By Cardinal Roger Mahony
text only version

There are so many memories. Like pictures forever printed in our minds and hearts: Carols, twinkling lights on freshly cut evergreens, tables laden with good food, stockings stuffed with goodies, the giving and receiving of gifts from friends, family and coworkers. All of these are part of the spirit of Christmas for most of us.

As we prepare for Christmas 2008 the signs are quite clear that this Holiday Season will be quite different for most of us. The economic crisis, not only in this country but throughout the world, has stirred up in us many fears, worries, uncertainties and anxieties. Every year we try to remember that Christmas is a celebration of the coming of God's Incarnate Love in a poor infant. Perhaps as never before, this year we have the opportunity to reframe our pictures, to purify our memories, so that we enter deeply into the core mystery of Christmas: God comes to us poor in our own poverty.

Year after year, this season provides us with the opportunity to give to others; to be more generous to those who are poor and in need. We try to deepen our commitment to live in solidarity with the poor of the earth by giving of our abundance, sharing of our surplus with those less fortunate than ourselves. But as we prepare for Christmas 2008, there is a deeper recognition that all of us --- rich, middle class, poor --- have been affected by the financial crisis wreaking havoc in the world.

We are being challenged to adopt a new frame of mind, a new understanding of Christmas, in which there is a deeper solidarity among us all.

The point of this solidarity is the poor infant who lies in a manger. In him the rich and the poor come together: kings and paupers; wise men and shepherds come to behold the gift that is given to them. And to us. All of us. Our solidarity with one another rests in this gift of God who comes poor to all of us.

This gift, God's Incarnate Love in a manger, is the only thing that rich and poor can never lose. This gift belongs to the strong and the weak, the clever and the simple. It never diminishes in value. This Love never dries up. It does not fluctuate, going up and down like Wall Street and other financial markets throughout the world. This treasure cannot be taken from any of us. In this alone is our security. Love become poor is our safety.

In these worrisome times we are reminded each day that there is no quick fix for the current economic crisis. The financial downturn will be with us and affect all of us for much longer than we might like. We must be prepared to live more simply, indeed more humbly on the world scene, than at previous times in our history. We must ready ourselves for the long haul.

For most of us, we behold and adore the poor infant during the season of Christmas. But this is only the beginning. We are to follow the poor Christ through every season of his life, even to the point where the man Jesus of Nazareth has no place to lay his head. Even animals have a place to rest. But the Jesus, Son of God and Son of Mary, does not even have a home: A manger at the beginning; no place to rest in his ministry; not even a tomb or a burial place of his own at the end of his life.

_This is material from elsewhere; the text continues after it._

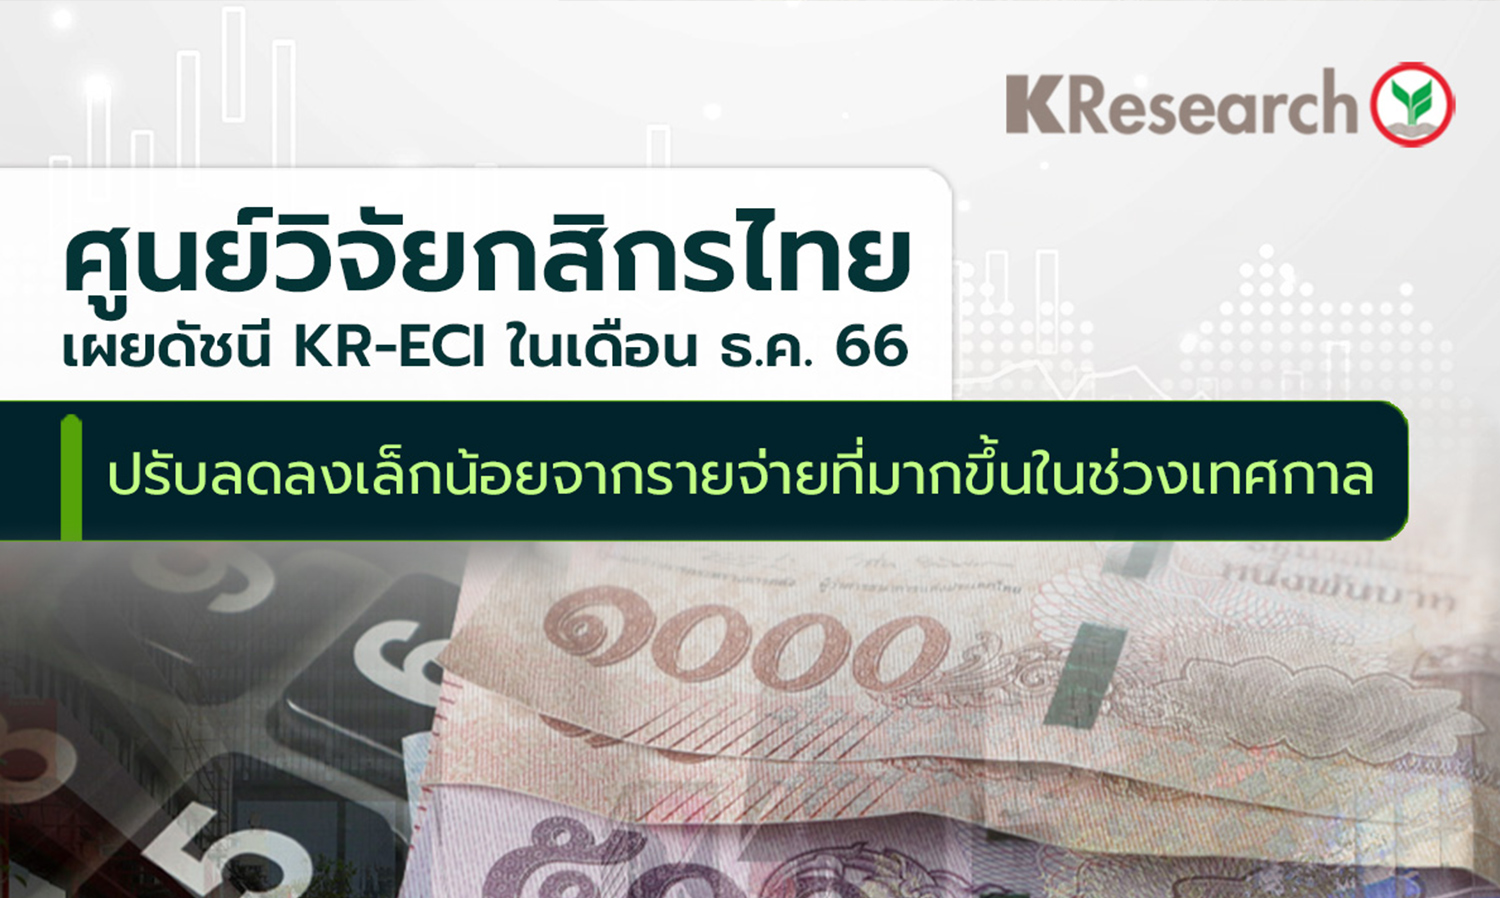 ศูนย์วิจัยกสิกรไทยเผยดัชนี KR-ECI ในเดือน ธ.ค.66 ปรับลดลงเล็กน้อยจากรายจ่ายที่มากขึ้นในช่วงเทศกาล

My words this Christmas are spoken as we face an economic crisis on a scale most us have not seen in our lifetime. Let us try to remember that it is not shameful to be poor. But it is hard. All of us might take some small comfort in this:

Our security, our stability, our permanence as a people does not rest in the economy of our nation, or in our national identity. Our permanence, our identity, is to be found in our shared faith in Jesus Christ and in his Gospel. He came to bring glad tidings to us in our weakness and poverty. He comes to us as a poor and vulnerable infant. This Christmas he enters our lives at our most vulnerable point.

This alone is the reason for the heart to hope this Christmas.